== Data extract

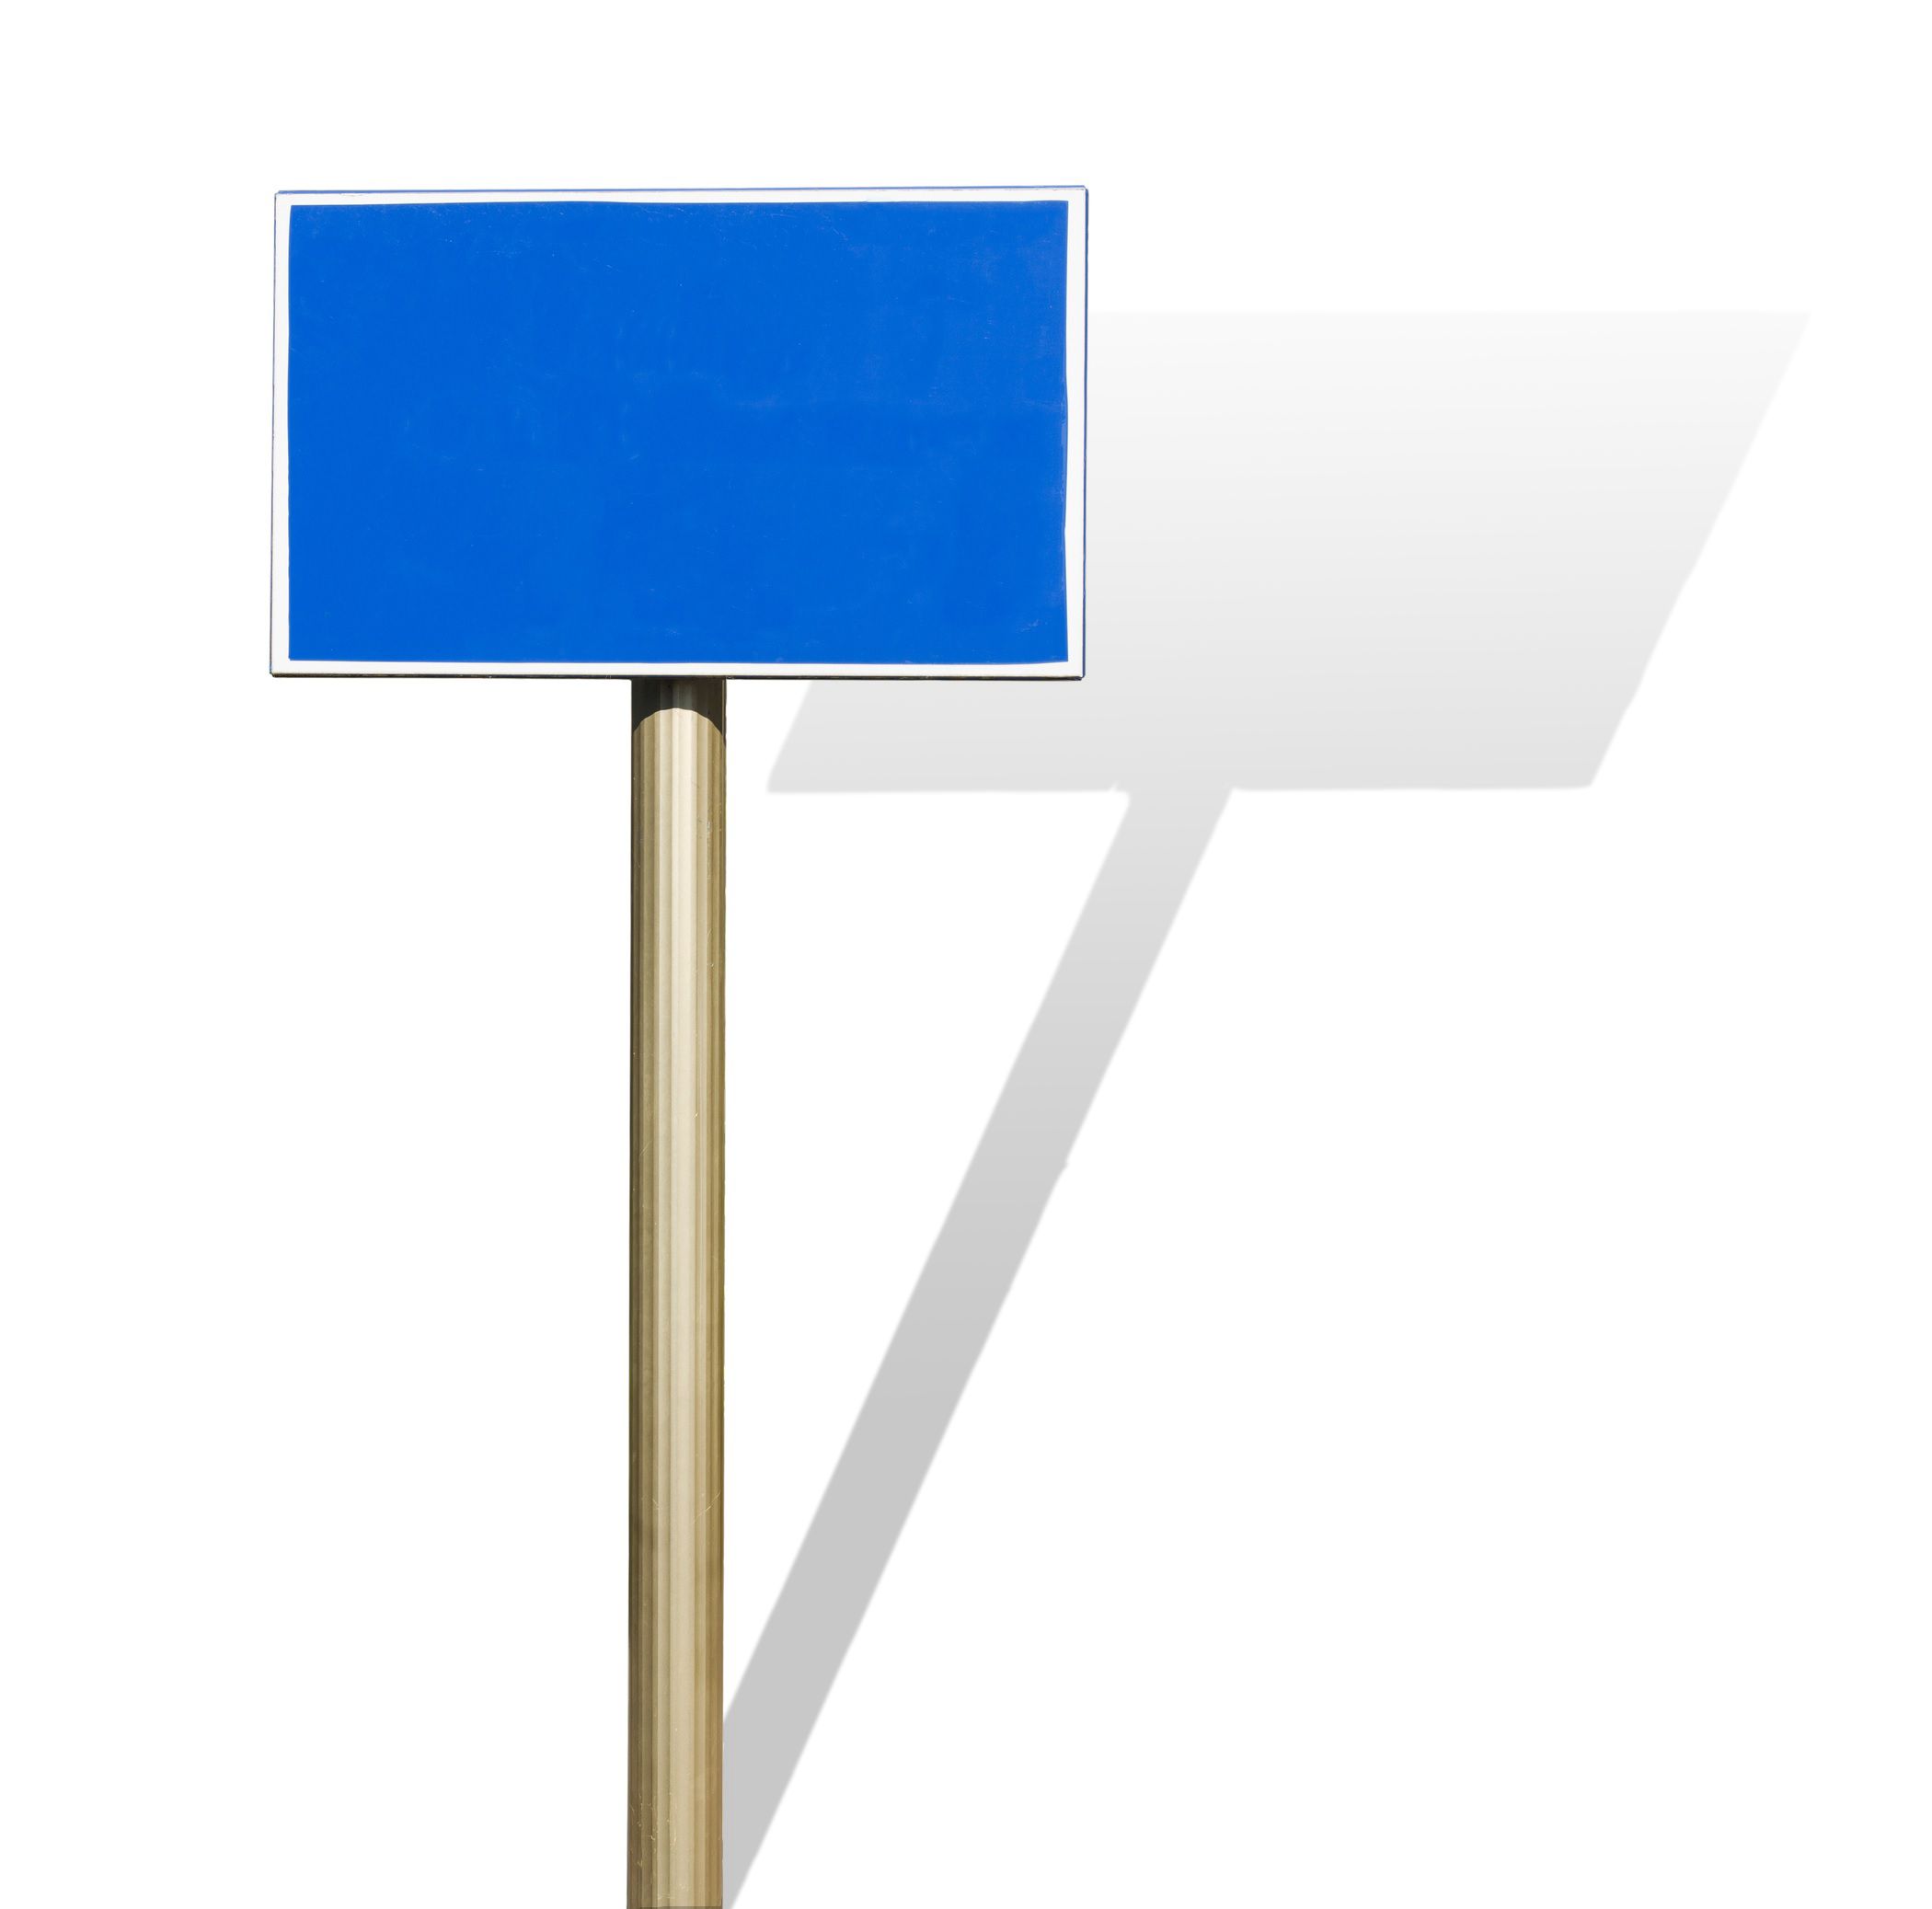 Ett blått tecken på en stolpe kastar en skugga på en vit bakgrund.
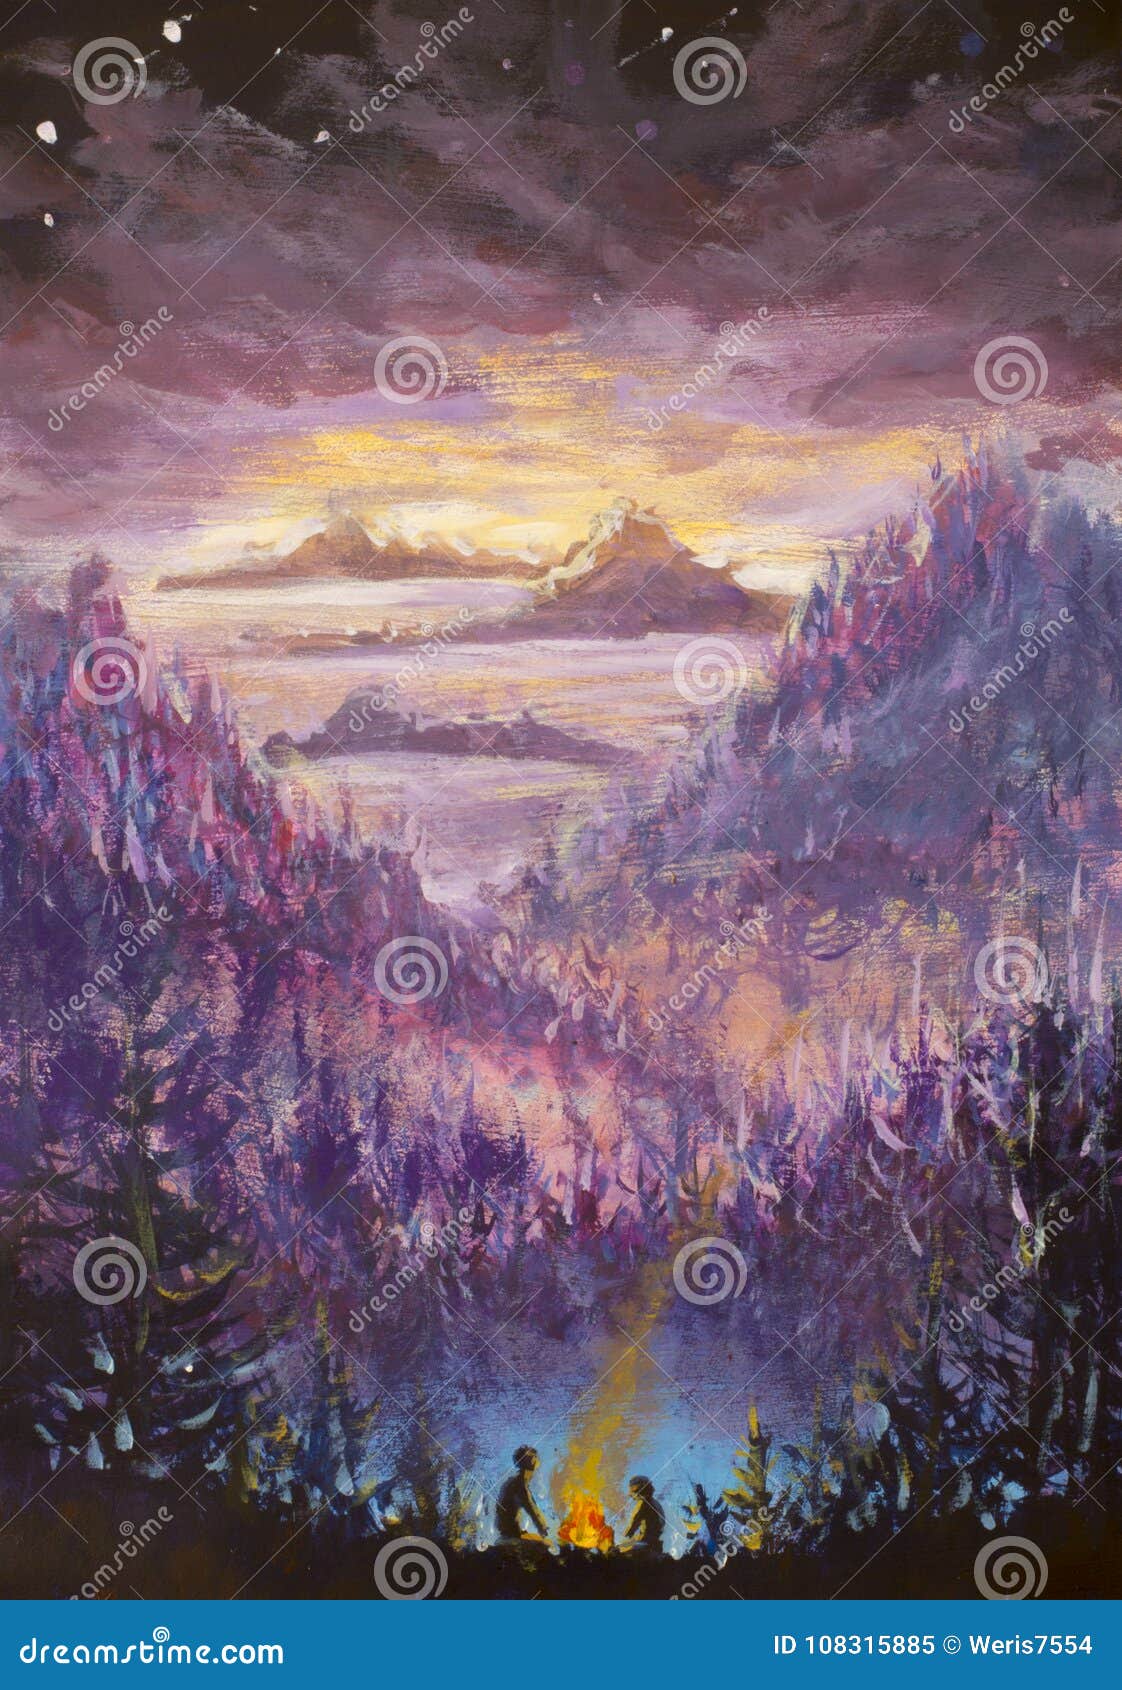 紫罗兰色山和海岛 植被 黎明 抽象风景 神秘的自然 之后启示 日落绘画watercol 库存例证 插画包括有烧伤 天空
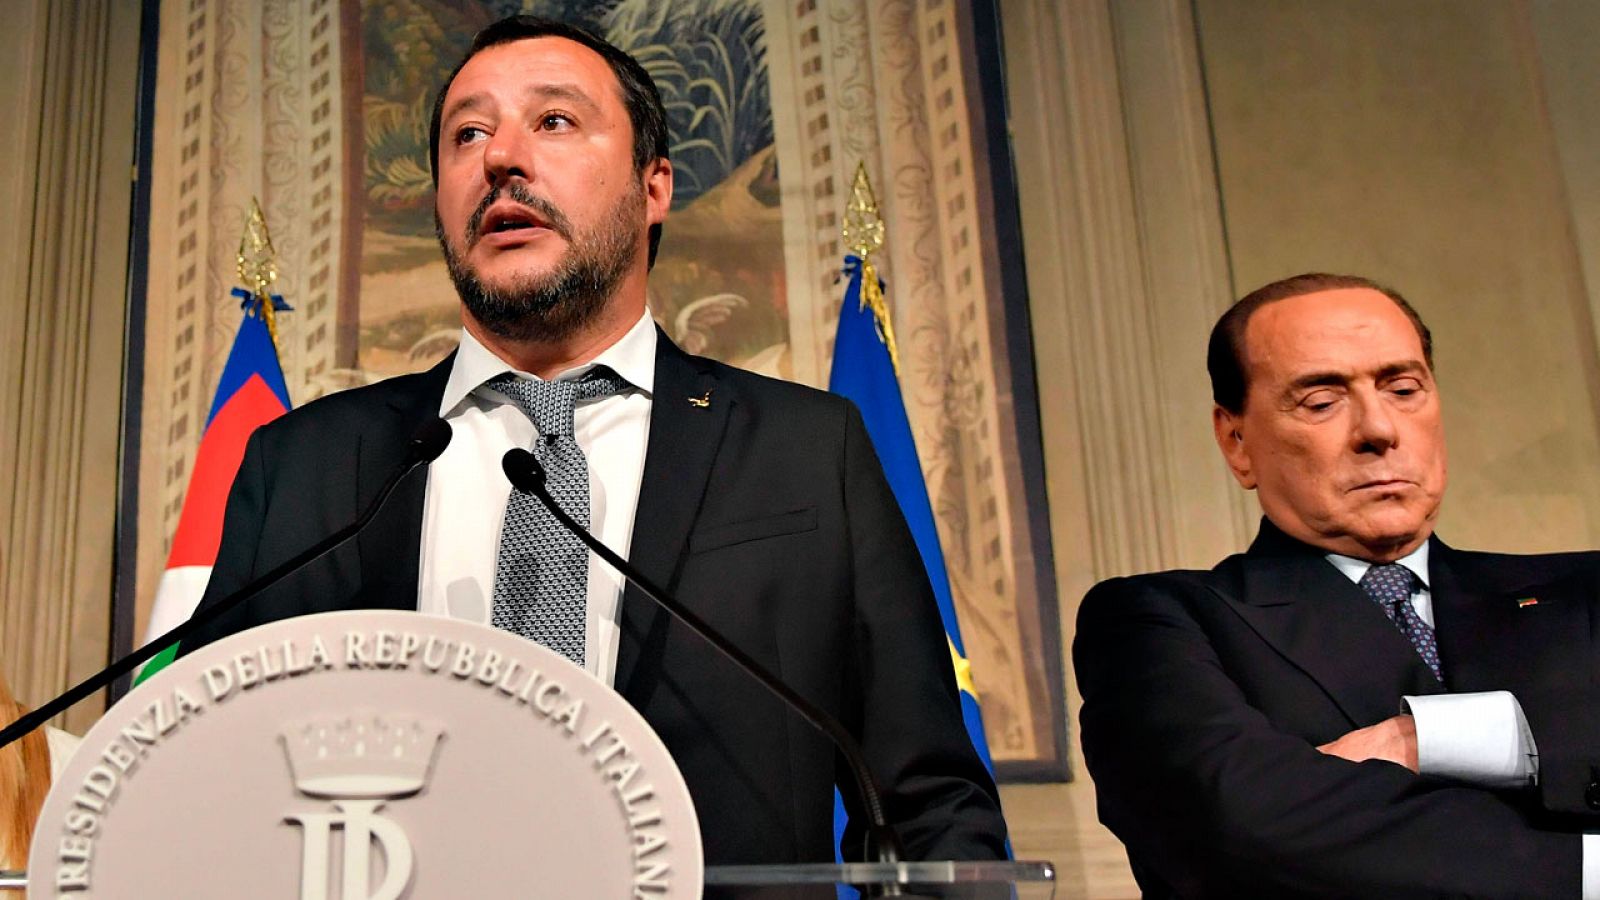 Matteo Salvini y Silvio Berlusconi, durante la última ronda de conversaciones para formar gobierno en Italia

====

**About this exercise:** Without the pictures, output the full listing exactly as it stands.

**Answer to the problem:**
 Ett blått tecken på en stolpe kastar en skugga på en vit bakgrund.
 紫罗兰色山和海岛 植被 黎明 抽象风景 神秘的自然 之后启示 日落绘画watercol 库存例证 插画包括有烧伤 天空
 Matteo Salvini y Silvio Berlusconi, durante la última ronda de conversaciones para formar gobierno en Italia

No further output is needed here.